* **What to produce**: Print the lines from the one containing "Reebok Infants Sport Academy T-Shirt 7" through the end of the material below, both included, exactly as they appear and without pictures.

* **Data section**:
# # # # # # #

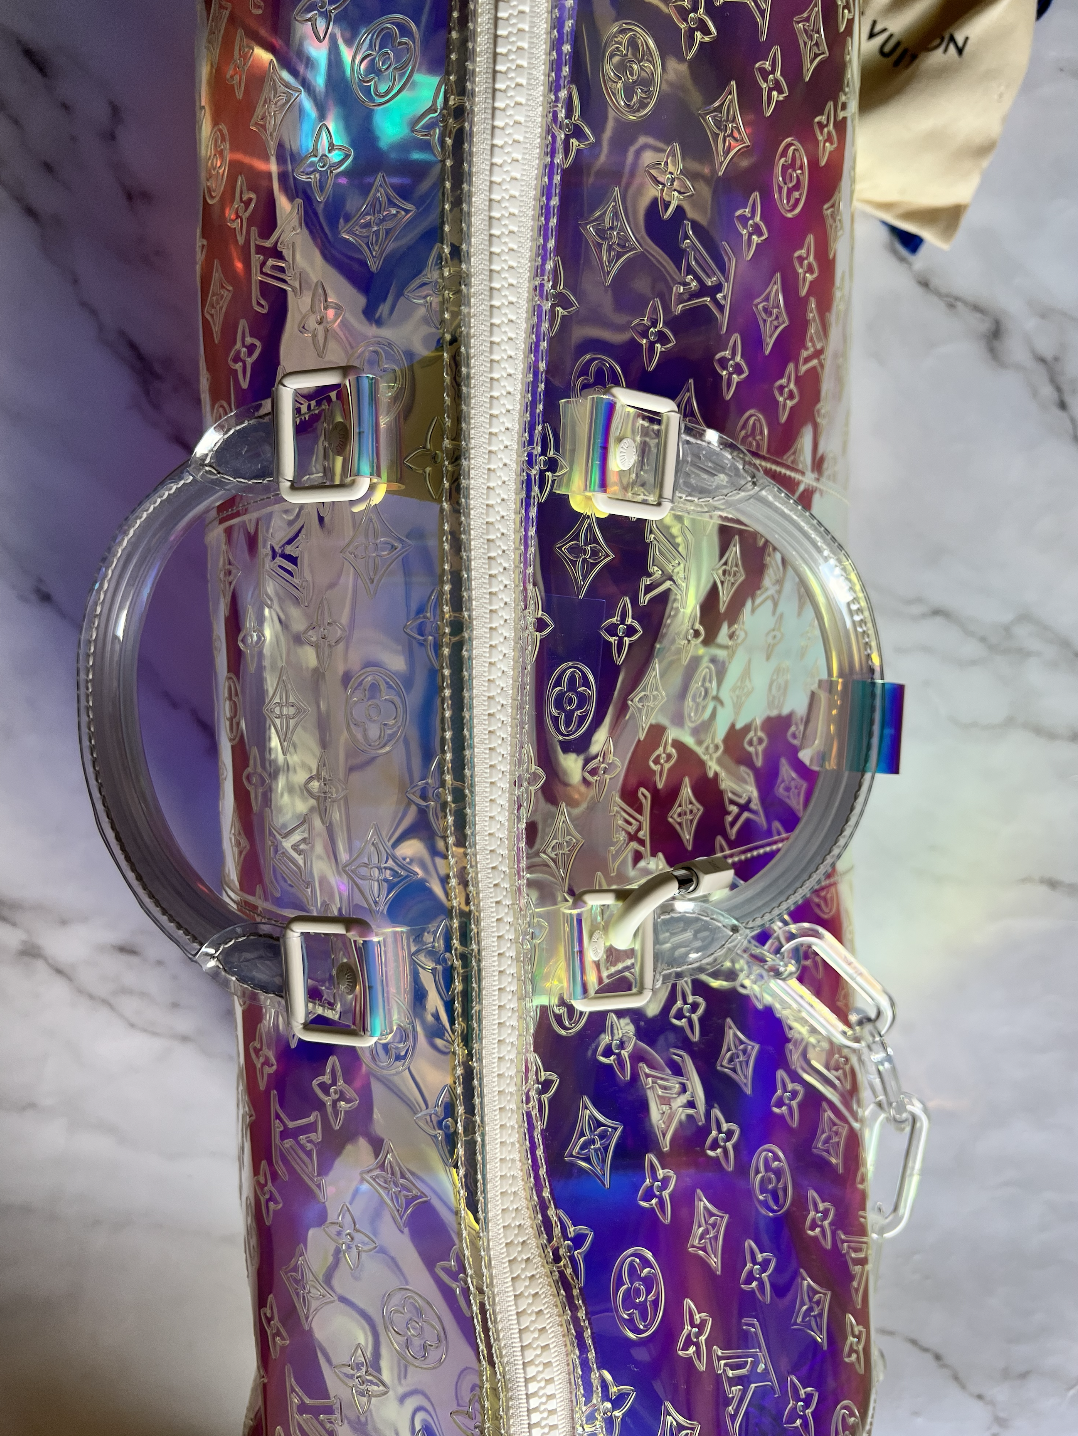 Louis Vuitton Keepall Ss19 Hologram Prism 50 Bandouliere 870370 Travel Bag
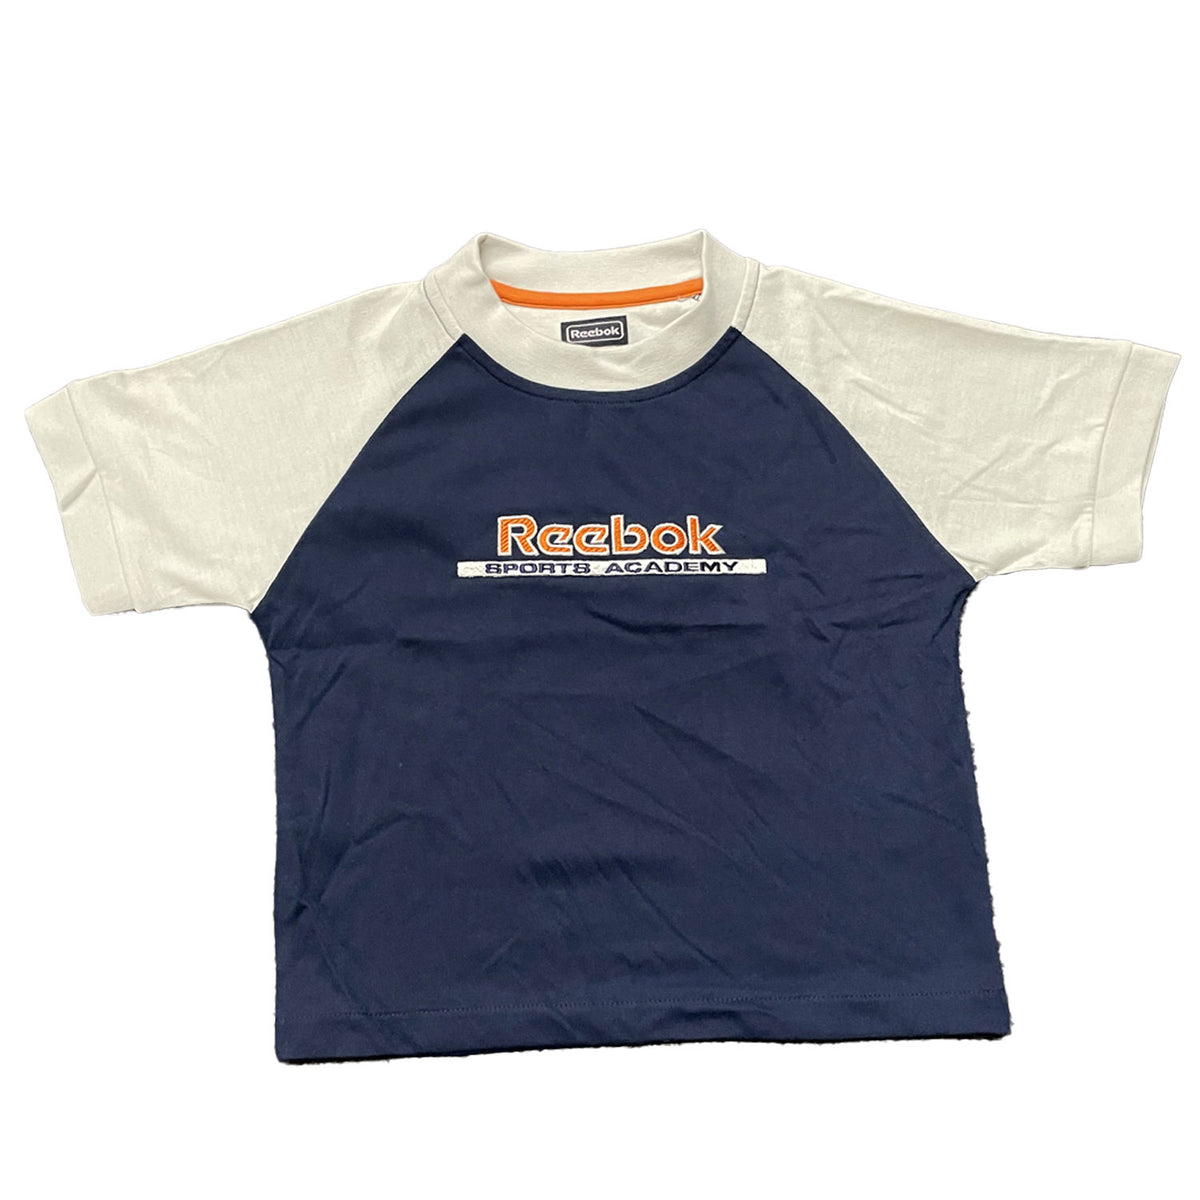 Reebok Infants Sport Academy T-Shirt 7
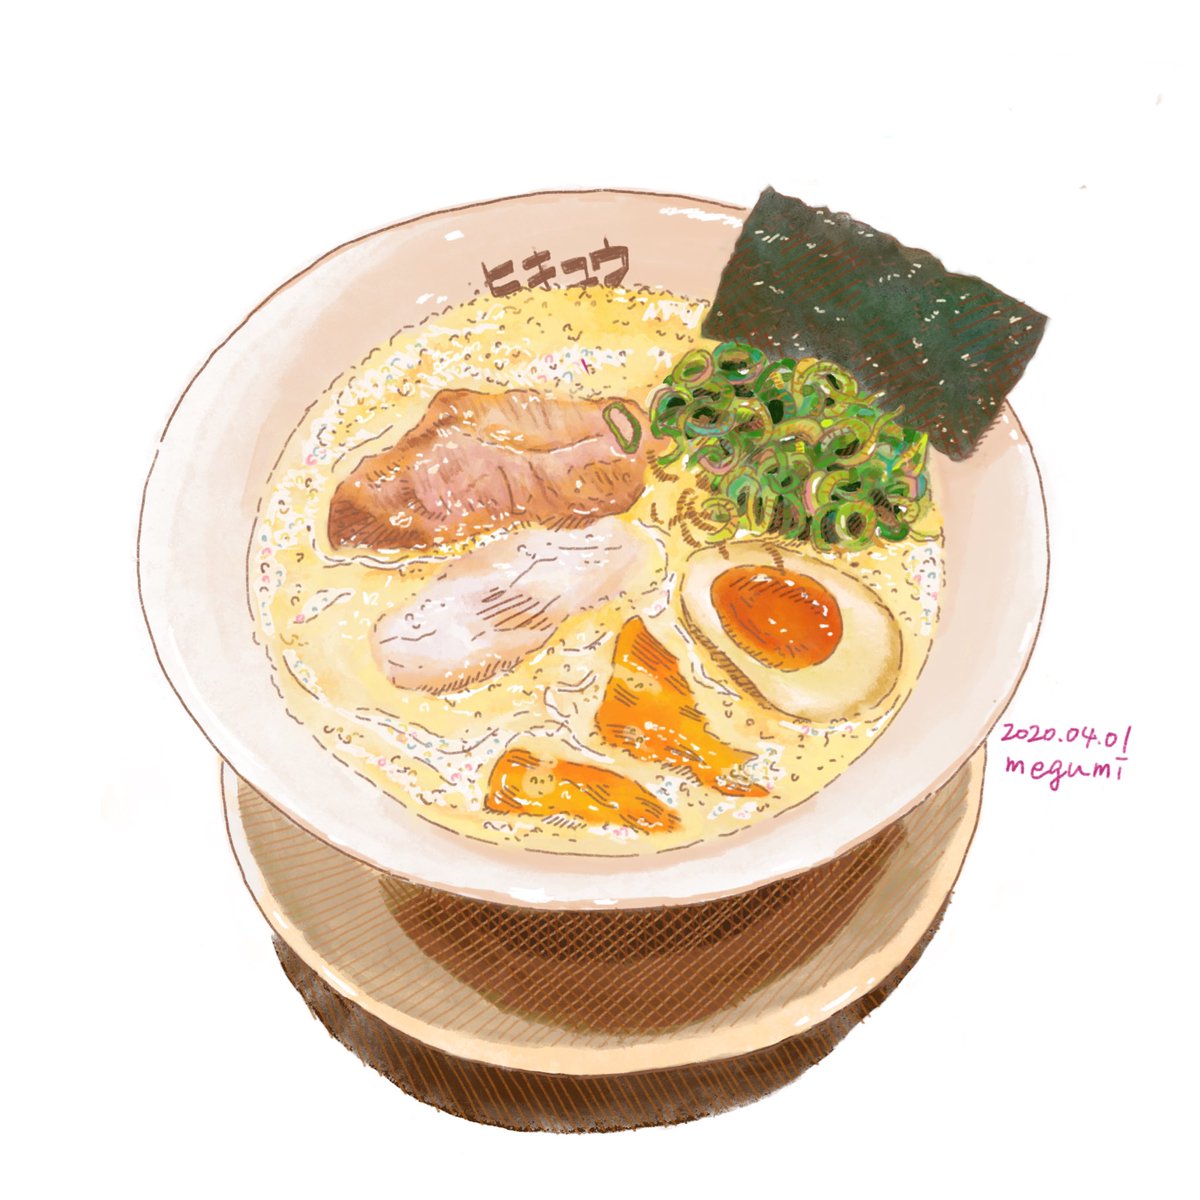 Twitter 上的 石川 恵 いしかわめぐみ クリエポm 13 ラーメン5日目 言わずと知れた人気店 地元では 神戸市六甲道駅のヒキュウです ここはですね なんかおしゃれなんですよ スープをブレンダーで泡立ててるし 器もシュッとしてますからね はい 食べ物
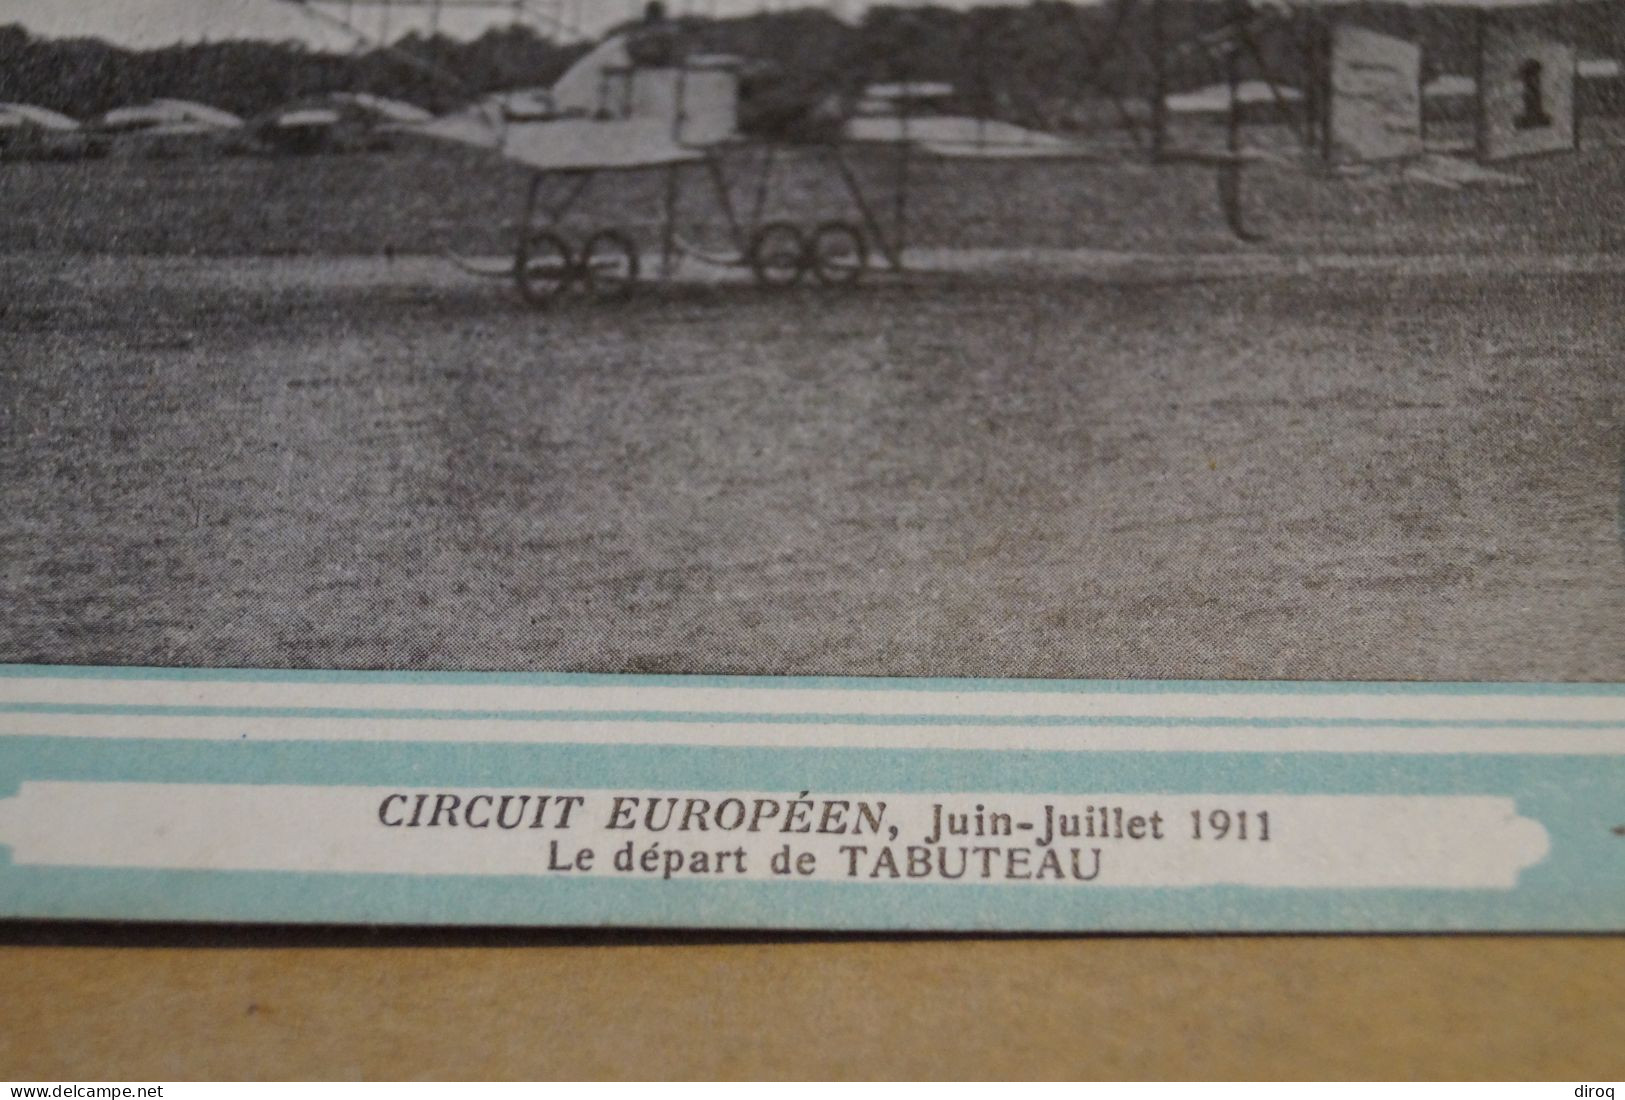 CIRCUIT EUROPEEN DE JUIN - JUILLET 1911,Biplan, Bristol,belle Carte Ancienne - Fliegertreffen

# # # # # # #

* **Reply to the task**:
 Reebok Infants Sport Academy T-Shirt 7
 Twitter 上的 石川 恵 いしかわめぐみ クリエポm 13 ラーメン5日目 言わずと知れた人気店 地元では 神戸市六甲道駅のヒキュウです ここはですね なんかおしゃれなんですよ スープをブレンダーで泡立ててるし 器もシュッとしてますからね はい 食べ物
 CIRCUIT EUROPEEN DE JUIN - JUILLET 1911,Biplan, Bristol,belle Carte Ancienne - Fliegertreffen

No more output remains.